”Merely tagging on an accusation of some connection to the LTTE without sufficient evidence in order to create the impression of some illegal activity is not becoming of a legitimate government. Unfortunately the long period of violence that prevailed in the country for several decades left room for such arrests without the strict criterion relating to the law. A situation arose when, by the mere signature of an official, the most terrible accusations can be made and these led to the issuing of orders which have enormous consequences. ”
The first order states that, as the Officer-in-Charge (OIC) of the Terrorist Investigation Division (TID) is conducting an investigation into the terrorist activities of the LTTE and that if the information gathered during this investigation is given to local or international persons there will be great damage to this investigation, and by so providing this information there is a possibility that acts of terrorism or conflicts among races or religions can take place.

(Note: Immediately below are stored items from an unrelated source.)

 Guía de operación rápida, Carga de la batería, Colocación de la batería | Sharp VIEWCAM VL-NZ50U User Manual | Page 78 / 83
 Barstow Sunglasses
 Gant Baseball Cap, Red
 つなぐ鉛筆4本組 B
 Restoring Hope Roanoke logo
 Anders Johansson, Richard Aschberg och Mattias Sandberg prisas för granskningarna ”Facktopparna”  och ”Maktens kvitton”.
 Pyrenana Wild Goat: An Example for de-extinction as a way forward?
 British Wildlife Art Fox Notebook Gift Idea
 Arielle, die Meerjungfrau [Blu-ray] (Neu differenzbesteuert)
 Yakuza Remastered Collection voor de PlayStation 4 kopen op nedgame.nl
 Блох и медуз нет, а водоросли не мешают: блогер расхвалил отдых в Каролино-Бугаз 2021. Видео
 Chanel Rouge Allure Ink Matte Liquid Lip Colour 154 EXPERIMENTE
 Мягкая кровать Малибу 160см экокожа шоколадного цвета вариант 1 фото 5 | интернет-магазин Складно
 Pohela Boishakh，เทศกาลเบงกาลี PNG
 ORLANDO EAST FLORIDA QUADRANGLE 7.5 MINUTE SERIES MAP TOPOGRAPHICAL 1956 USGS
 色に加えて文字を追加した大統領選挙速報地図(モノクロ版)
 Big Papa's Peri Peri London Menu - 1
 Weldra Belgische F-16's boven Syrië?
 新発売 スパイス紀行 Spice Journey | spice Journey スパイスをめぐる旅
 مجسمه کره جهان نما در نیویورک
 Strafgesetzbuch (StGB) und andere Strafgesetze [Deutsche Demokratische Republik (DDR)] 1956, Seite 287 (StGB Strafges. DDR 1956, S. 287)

Therefore the OIC of the TID has requested me to make such order for the persons named not to make any such statements. And the Magistrate has made the order accordingly.
In the second order, also made at the request of the OIC of the TID an order has been made to the effect to arrest and produce before court the above named persons if they come for the purpose of travel abroad without the permission of the court.
Copies of this order has been sent to the directors of Immigration and Emigration at international airports at Katunayake and Mattala, the director of the State Intelligence Service, and the director of the Criminal Investigation Department.
The Asian Human Rights Commission states that there was no reason in any way to connect these two human rights activists, who have merely done their duty to extend support to any victims or perceived victims of human rights abuses. In fact, the very mandate of a human rights defender is to provide assistance to anyone who is going through such circumstances. The United Nations Human Rights Council Resolution entitled, Protecting Human Rights Defenders, (April 12, 2013) among other things: /”Urges the States to acknowledge publically the important and legitimate role of human rights defenders in the promotion of human rights, democracy and rule of law as an essential component of ensuring their protection, including by respecting the independence of their organisations and by stigmatisation of their work”./ It was after the TID found them to be innocent of any unlawful activity that both of them were released. The international interventions and those by local agencies were made on the basis of the justification of their interventions as human rights activists.
The government responded positively to the massive protest and created the impression of having resolved the problem. The actions which are now being taken to restrict their freedom of speech and to travel have therefore no legitimate basis.
Sri Lankan law protects the freedom of speech as well as the freedom for travel. Both of these rights are considered fundamental rights.
Merely tagging on an accusation of some connection to the LTTE without sufficient evidence in order to create the impression of some illegal activity is not becoming of a legitimate government. Unfortunately the long period of violence that prevailed in the country for several decades left room for such arrests without the strict criterion relating to the law. A situation arose when, by the mere signature of an official, the most terrible accusations can be made and these led to the issuing of orders which have enormous consequences.
The resort to such orders now endangers everyone. An officer without providing any reliable evidence to the court may make such requests by which the freedom of any person can be jeopardised.
This action on the part of the TID itself is one more justification for the resolution which is now before the Human Rights Council. When the domestic legal system is blatantly abused the only recourse that a citizen will have is to turn to the United Nations human rights agencies. So far, the belief that the domestic system may still be utilised creates the illusion that justice is still possible in Sri Lanka. However, when the powers of arrest, detention are abused and other severe restrictions of the freedom of speech and movement are being made in this manner it is glaring proof of the justification for the resolution which is to be debated this week in Geneva.